**Activity**: Copy verbatim the block of lines in the entries below whose first line contains "A brown and" and whose last line contains "Dimensions of Lamp (inches): 15.5". Leave out all other lines.
─── Materials provided ───
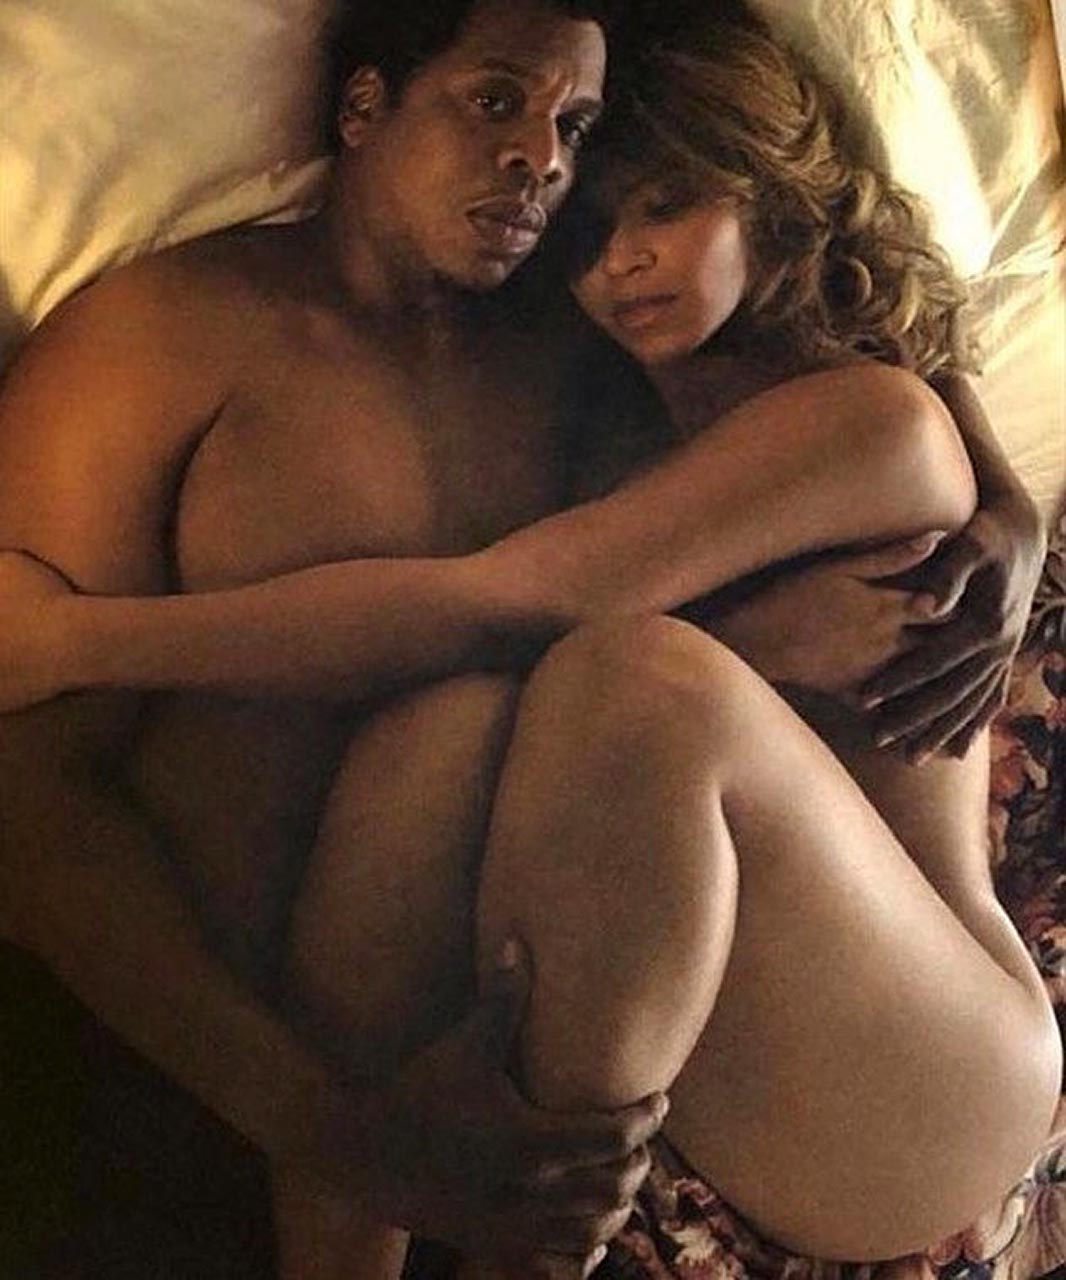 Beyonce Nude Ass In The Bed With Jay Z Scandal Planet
───
─── Materials provided ───
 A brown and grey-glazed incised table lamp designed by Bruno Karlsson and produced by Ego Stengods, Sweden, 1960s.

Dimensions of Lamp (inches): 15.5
───
─── Materials provided ───
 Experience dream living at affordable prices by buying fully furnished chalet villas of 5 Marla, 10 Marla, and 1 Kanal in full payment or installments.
───
**Answer section**:
 A brown and grey-glazed incised table lamp designed by Bruno Karlsson and produced by Ego Stengods, Sweden, 1960s.

Dimensions of Lamp (inches): 15.5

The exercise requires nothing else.